1 Response for “Hard work leads to balanced catch-sharing plan”

  1. Tom-

    How exactly do we catch less fish under any of the alternatives provided under the CSP (compared to the GHL under which we currently fish) and it results in more fish? That argument is nonsensical. Just because alternative 3 is less bad than the most conservative allocation doesn’t mean it is good or isn’t actually significantly less fish than we’re currently allocated.

    You’re suggesting that our over harvest was a willful and intentional plan to take away fish from the commercial sector by illegal and unethical fishing practices.

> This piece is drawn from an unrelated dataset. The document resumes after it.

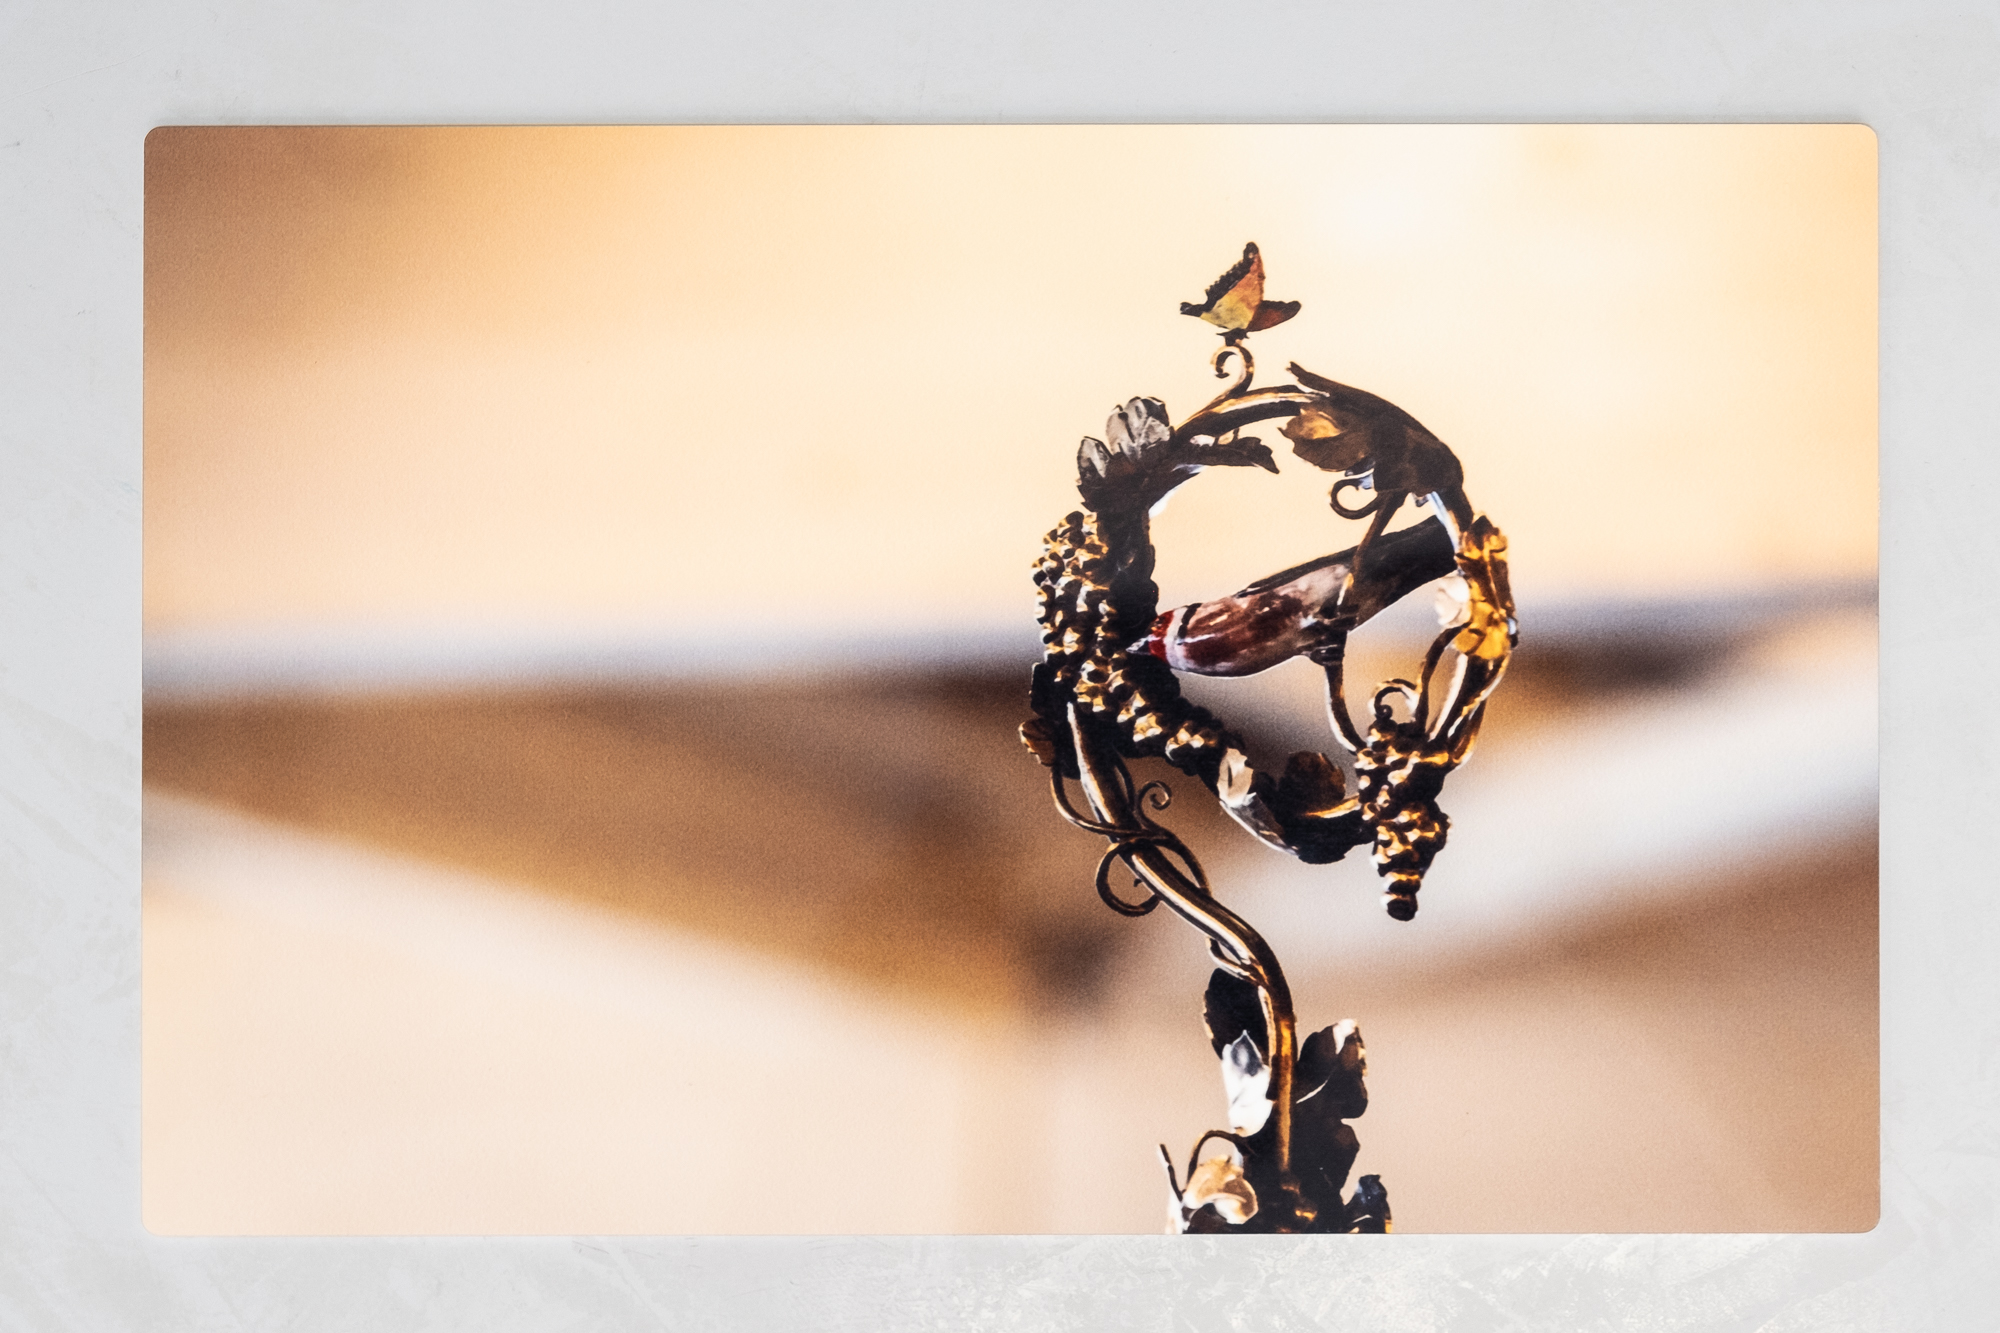 Impression sur alu, photographies officielles de la Fête des Vignerons 2019

In reality, we were simply given the wrong management measures to live within our allocation.

    Since the adoption of the Charter Halibut Permit program and the establishment of the Charter Implementation Committee, industry and agency have effectively kept the charter sector within, or well below, their annual allocations. The dirty little secret you’re trying to avoid is that when you combine the underages for 2C and 3A, we’re actually cumulatively under our allocations with the GHL.

    Tom, be honest. . .the move from Closed Area to Coastwide Assessment hurt both Commercial and Charter operators in Southeast.

    As I’ve said, our objection to CSP has nothing to do with moving from the GHL “stair step” model to a percentage based model that floats with abundance, it has to do with the base level of allocation adopted by the Council in December 2012.

    Do you challenge the correctness of AJOC’s reporting when Molly Dischner wrote: “Had the percentages been in affect in 2012, the charter industry would have received a smaller allocation than the guideline harvest level, or GHL. The allocation in 2C would have been 633,000 pounds, less than the actual 2012 GHL of 931,000 pounds.”?

    In light of the above quote we would have been nearly 300,000 lbs. under our GHL allocation, but more importatnly 12,000 lbs. under our actual catch. It isn’t about more fish, it is about enough fish to keep this sector as a meaningful economic contributor Alaska’s coastal communities.